I am asked to prove Cauchy-Schwarz inequality without using the cosine rule of the angle between u and v.
So this is my question:
Assume that $v\ne0$ and let $p$ be the projection of $u$ onto the subspace $V = \operatorname{span}\{v\}$. Prove that $$(u · v)^2 = \|u\|^2\|v\|^2 − \|u − p\|^2\|v\|^2.$$
Can anyone help me with this question? i look through the internet but none has specific topics on the projection onto a subspace using Cauchy-Schwarz inequality.
On
The definition of the projection of $\mathbf u$ onto $\mathbf v$ is $$ \mathbf p = \frac{\mathbf u \boldsymbol{\cdot} \mathbf v}{\mathbf v \boldsymbol{\cdot} \mathbf v} \mathbf v = \frac{\mathbf u \boldsymbol{\cdot} \mathbf v}{\|\mathbf v\|^2} \mathbf v. $$ From here, the identity you're trying to show follows from algebraic manipulation, but it can be hard to get there if you just stumble around blindly.

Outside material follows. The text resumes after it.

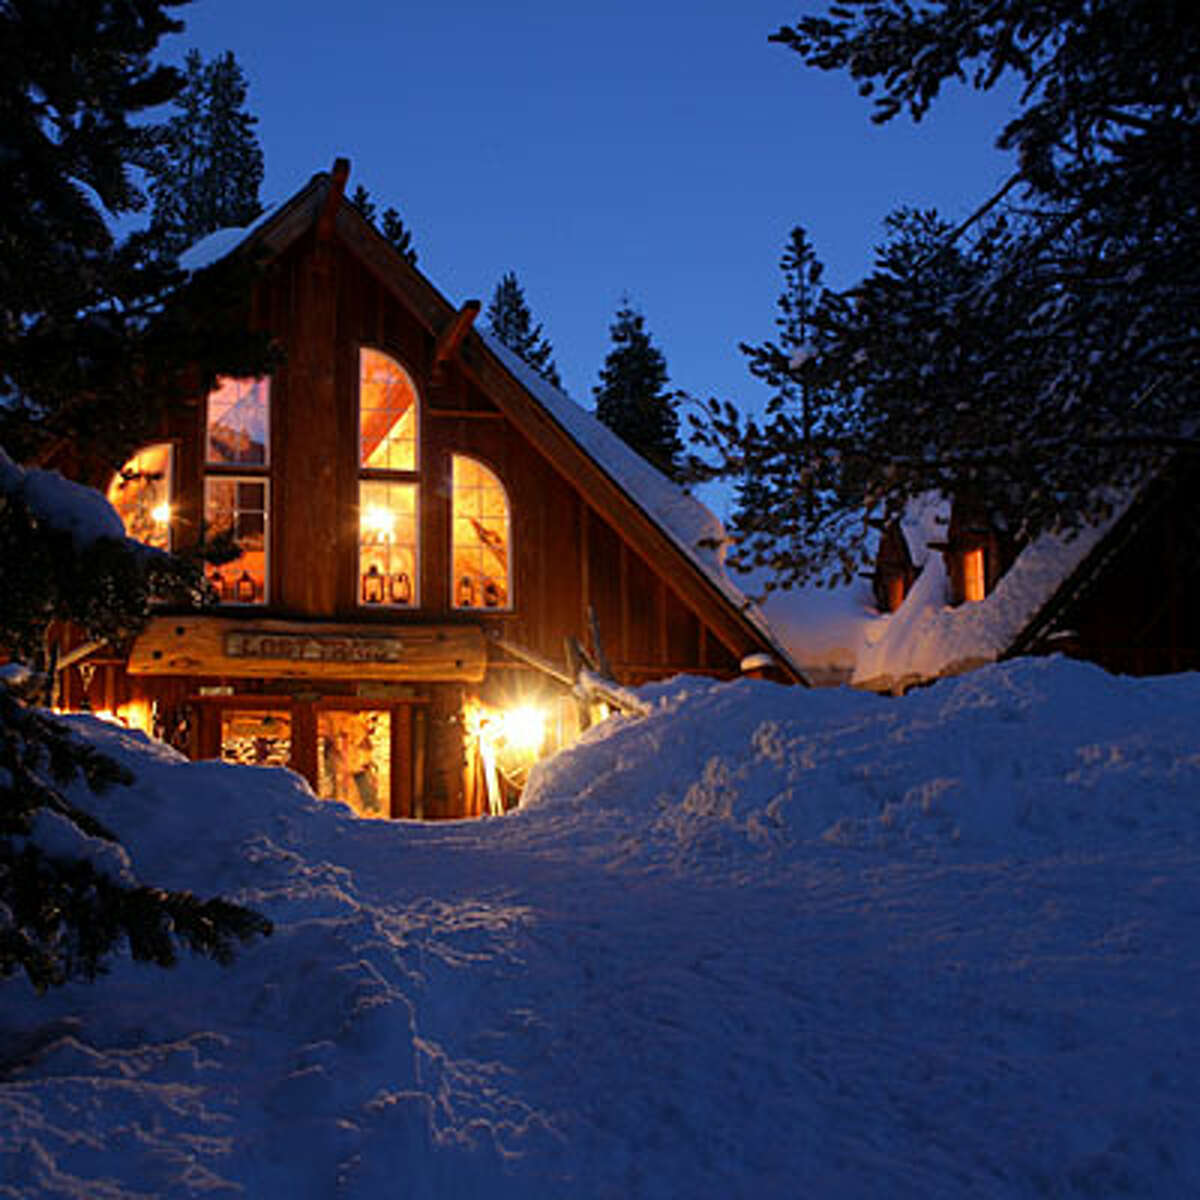 Lost Trail Lodge Truckee, CA It takes a 4-mile trek on cross-country skis, amid endless Sierra views, to reach this mellow backcountry lodge. Your reward: a stove-heated room—one of four in the lodge (there’s a bathroom-less cabin too)—and a veritable Americana museum to browse post-sledding.  From $89/person; 2-night minimum; losttraillodge.com  

Begin by verifying that $\mathbf p \boldsymbol{\cdot} \mathbf p = \mathbf p \boldsymbol{\cdot} \mathbf u$ (getting a formula for both in terms of $\mathbf u$ and $\mathbf v$). It follows that $\mathbf p \boldsymbol{\cdot} (\mathbf u - \mathbf p) = 0$, which gives us the Pythagorean theorem identity: $$\|\mathbf u\|^2 = \|\mathbf p\|^2 + \|\mathbf u-\mathbf p\|^2.$$ (Just compute $\|\mathbf u\|^2 = \mathbf u \boldsymbol{\cdot}\mathbf u$, writing $\mathbf u$ as $\mathbf p + (\mathbf u - \mathbf p)$.)
The identity you want is very close to the Pythagorean theorem identity multiplied by $\|\mathbf v\|^2$, with $\|\mathbf p\|^2 = \mathbf p \boldsymbol{\cdot} \mathbf p$ replaced by a value in terms of $\mathbf u$ and $\mathbf v$ you already know.
The point is that $p=\frac{(u\cdot v)}{\|v\|^2}v$. Then \begin{align} \|u-p\|^2 &=\|u\|^2+\|p\|^2-2\,u\cdot p =\|u\|^2+\frac{(u\cdot v)^2}{\|v\|^2}-2\frac{(u\cdot v)^2}{\|v\|^2}\\ \ \\ &=\|u\|^2-\frac{(u\cdot v)^2}{\|v\|^2}. \end{align} So $$ (u\cdot v)^2=\|u\|^2\,\|v\|^2-\|u-p\|^2\,\|v\|^2 $$